- Balancing right against wrong is a difficult challenge. But at some point in our lives, common sense must prevail. Nicholas Berg died at the hands of a vicious serial killer. To have any mercy for that killer is a sign of sheer stupidity. So it is for Nicholas Berg that I feel honor must be bestowed upon him after hearing of his father’s relentless pacifism of which only disgraced his son’s memory. -
In the spring of 2004, Islamic terrorists kidnapped Nicholas Berg while in Iraq seeking engineering work. The events that followed horrified every sane person on the planet. In May of 2004, Abu Musab al-Zarqawi beheaded Nick Berg. While beheadings are a common form of assassination in the Middle East, this event marked a first in terrorist history; the Islamic militants chose to video tape the beheading and release it on the Internet for public viewing. Zarqawi stated that Nickolas Berg’s murder was revenge for the abuses by the American military at Abu Ghraib prison. The beheading was a despicable event, and greatly saddened everyone around the world. But what I personally found to be even more offensive than seeing Nicholas Berg executed for no other reason than being an American, was in hearing his father denounce al-Zarqawi’s death.

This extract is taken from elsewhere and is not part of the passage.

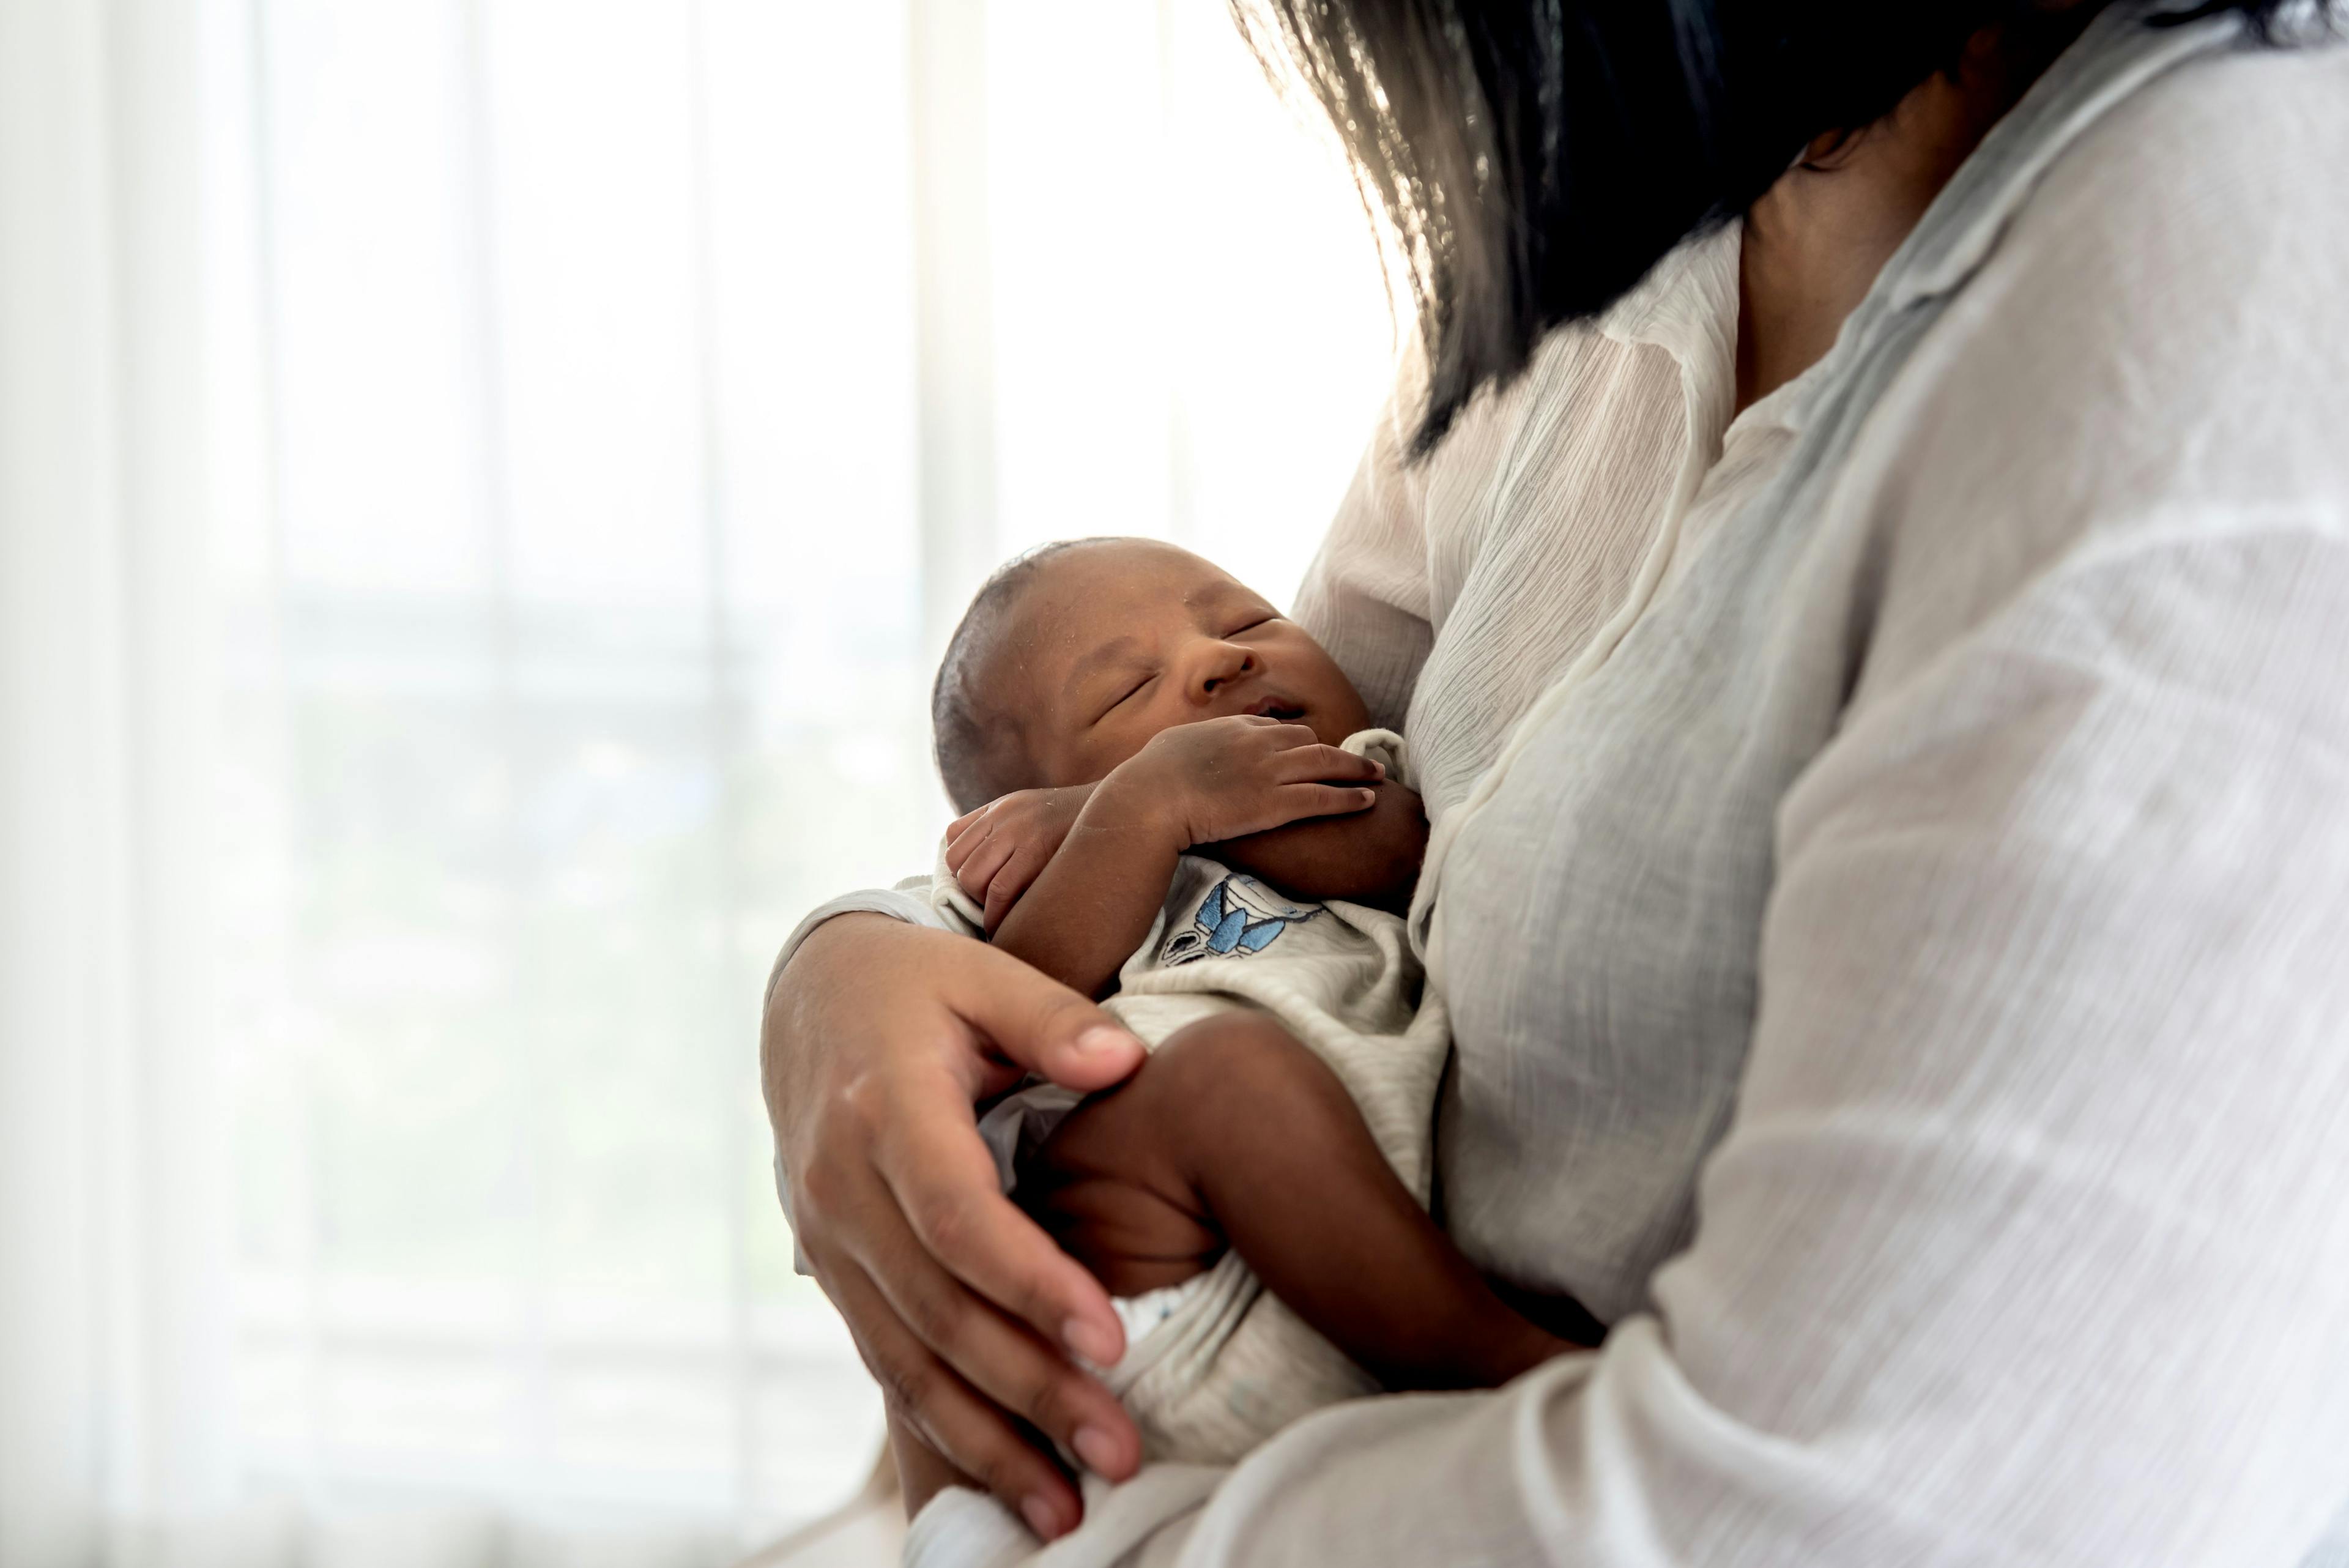 mother holding sleeping infant | Image Credit: Anatta_Tan - stock.adobe.com

On June 7, 2006, a little more than two years after the video tapped beheading of an innocent Nick Berg, American troops captured Abu Musab al-Zarqawi by dropping two 500-pound guided missiles from an F-16C jet into his safe house. Fortunately, for the world, he died during that attempted capture.
To understand the evil that al-Zarqawi represented one only need look at the list of attacks he orchestrated throughout the Middle East during his 7-year reign of terror. A documented list of Abu Musab al-Zarqawi’s historic record of murder and more murder is available throughout the Internet. A check on his Wikipedia entry would be an excellent starting point. (http://en.wikipedia.org/wiki/Abu_Musab_al-Zarqawi ).
The day after al-Zarqawi was killed by American forces, Nicholas Berg’s father was interviewed on various television networks. To most people, if a vicious serial killer, cum terrorist, beheaded their son they would rejoice with word of the butcher’s death. But Nick’s father, Michael Berg, instead denounced al-Zarqawi’s death.
Michael Berg is a well-known anti-war activist. I understand what could motivate someone to be a pacifist. I often am disgusted myself with acts of war. However, most people are sensible enough to understand that those who attack others with a litany of violence must be captured by whatever means. What al-Zarqawi did to Michael Berg’s son was inhumane. The terrorist bombings that al-Zarqawi masterminded against other Muslims throughout the Middle East was cowardly and demanded his capture and eventual execution for crimes against humanity.
In an interview on CNN, Soledad O’Brien asked Michael Berg about how he felt regarding al-Zarqawi’s death. To me, what Mr. Berg said was an insult to the memory of his son. He said, “Well, my reaction is I'm sorry whenever any human being dies. Zarqawi is a human being. He has a family who are reacting just as my family reacted when Nick was killed, and I feel bad for that. I feel doubly bad, though, because Zarqawi is also a political figure, and his death will reignite yet another wave of revenge, and revenge is something that I do not follow, that I do not ask for, that I do not wish for against anybody. And it can't end the cycle. As long as people use violence to combat violence, we will always have violence. … Well, you shouldn't be surprised, because I have never indicated anything but forgiveness and peace in any interview on the air.”
If the only act of violence al-Zarqawi committed had been to murder his son in order to avenge the physical abuses that occurred at the Abu Ghraib prison, there might be some merit to what Mr. Berg is saying. However, that was not al-Zarqawi’s only offense. Abu Musab al-Zarqawi had masterminded many terrorist attacks. Some of which were so severe and so unwarranted that his own people ultimately led American and coalition troops to him. For Michael Berg to be sad at al-Zarqawi’s death shows he is a man with no sense, no understanding between what is right, and what is wrong. I feel bad for Nicholas Berg. I feel he deserved a better more loving parent. And I wish all to remember his death and to feel relieved by the capture and subsequent death of Abu Musab al-Zarqawi.